In one embodiment, the system further includes an endpoint screening module, configured to delete an observation node from the set of observation nodes when an observation data parameter of the observation node does not match a preset task data parameter. And when the action type parameter of the execution node is not matched with the preset task action type parameter, deleting the execution node from the set of execution nodes.

For specific limitations of the apparatus for generating the global steering network cooperative topology based on the monte carlo tree search, reference may be made to the above limitations of the method for generating the global steering network cooperative topology based on the monte carlo tree search, which are not described herein again. The modules in the above-mentioned global command network cooperative topology generating device based on monte carlo tree search may be wholly or partially implemented by software, hardware and their combination. The modules can be embedded in a hardware form or independent from a processor in the computer device, and can also be stored in a memory in the computer device in a software form, so that the processor can call and execute operations corresponding to the modules.

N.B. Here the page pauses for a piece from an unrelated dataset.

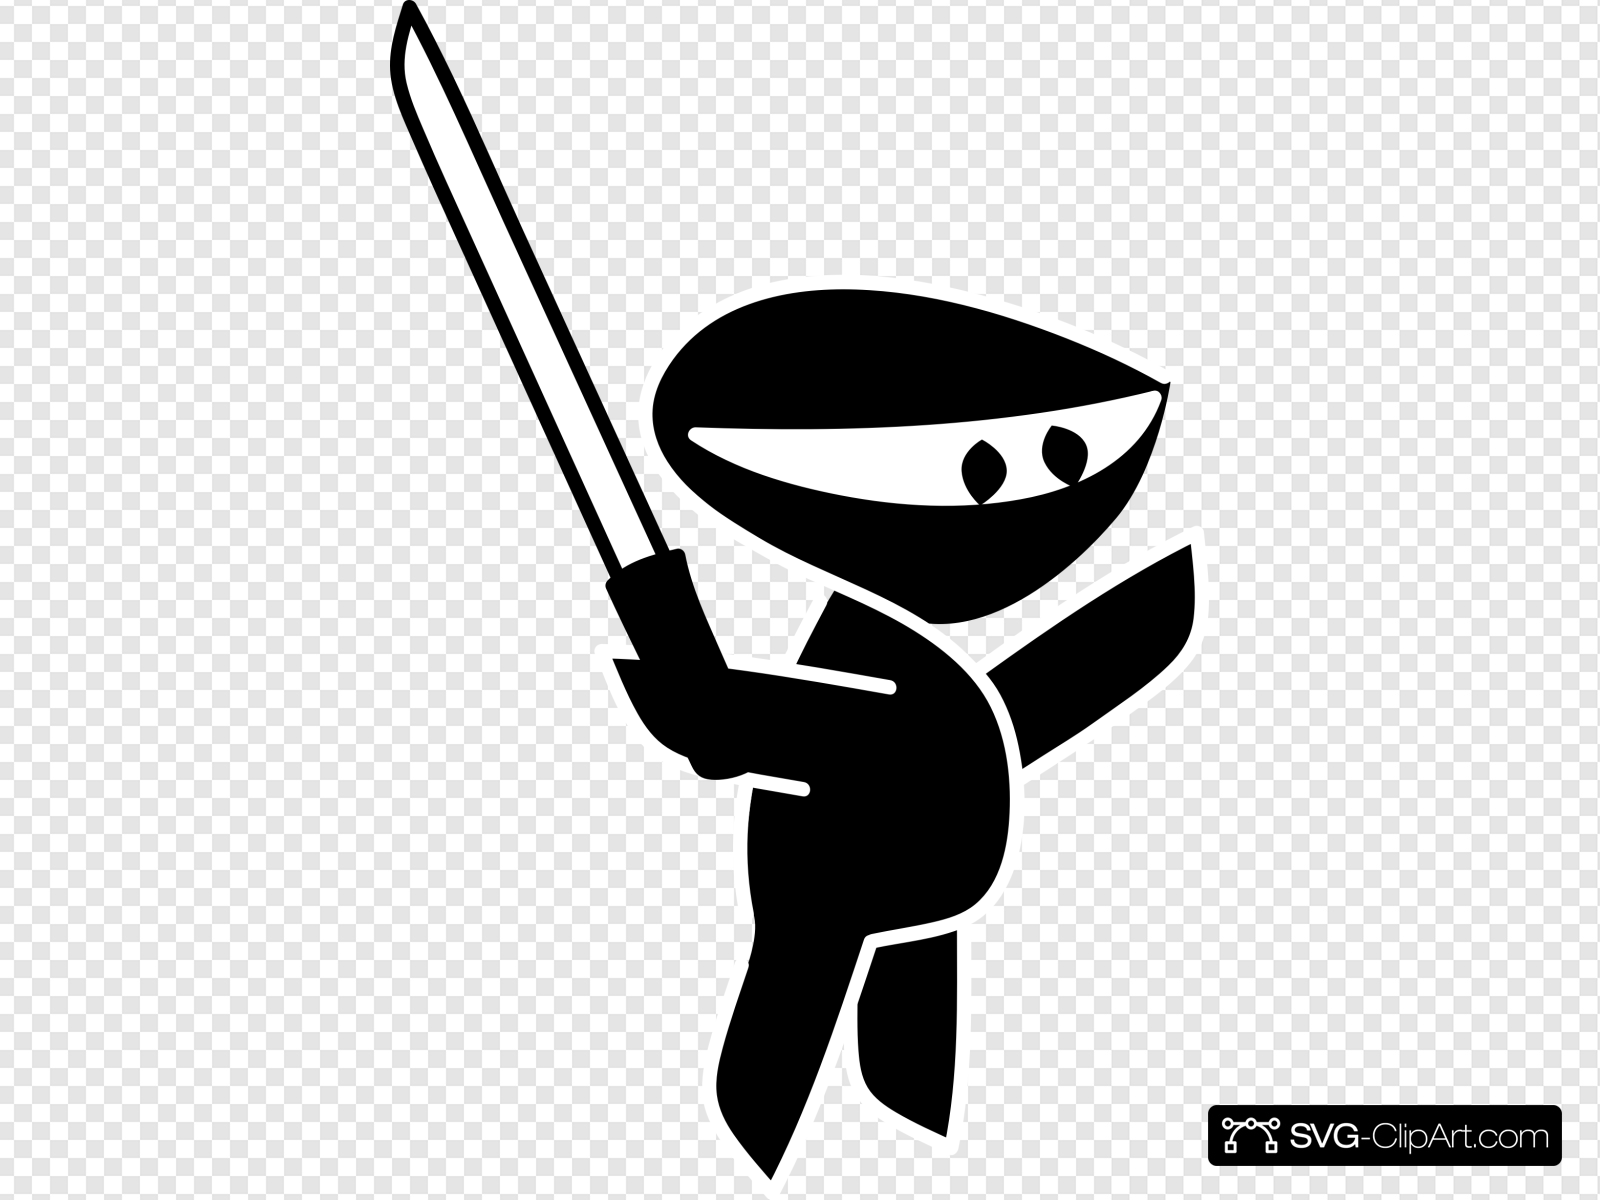 Attacking Ninja Clip art, Icon and SVG

In one embodiment, a computer device is provided, which may be a server, the internal structure of which may be as shown in fig. 4. The computer device includes a processor, a memory, a network interface, and a database connected by a system bus. Wherein the processor of the computer device is configured to provide computing and control capabilities. The memory of the computer device comprises a nonvolatile storage medium and an internal memory. The non-volatile storage medium stores an operating system, a computer program, and a database. The internal memory provides an environment for the operation of an operating system and computer programs in the non-volatile storage medium. The database of the computer device is used for storing task parameters, global control network node parameters and search process data. The network interface of the computer device is used for communicating with an external terminal through a network connection. The computer program is executed by a processor to implement a method for generating a global-controlled network collaboration topology based on Monte Carlo tree search.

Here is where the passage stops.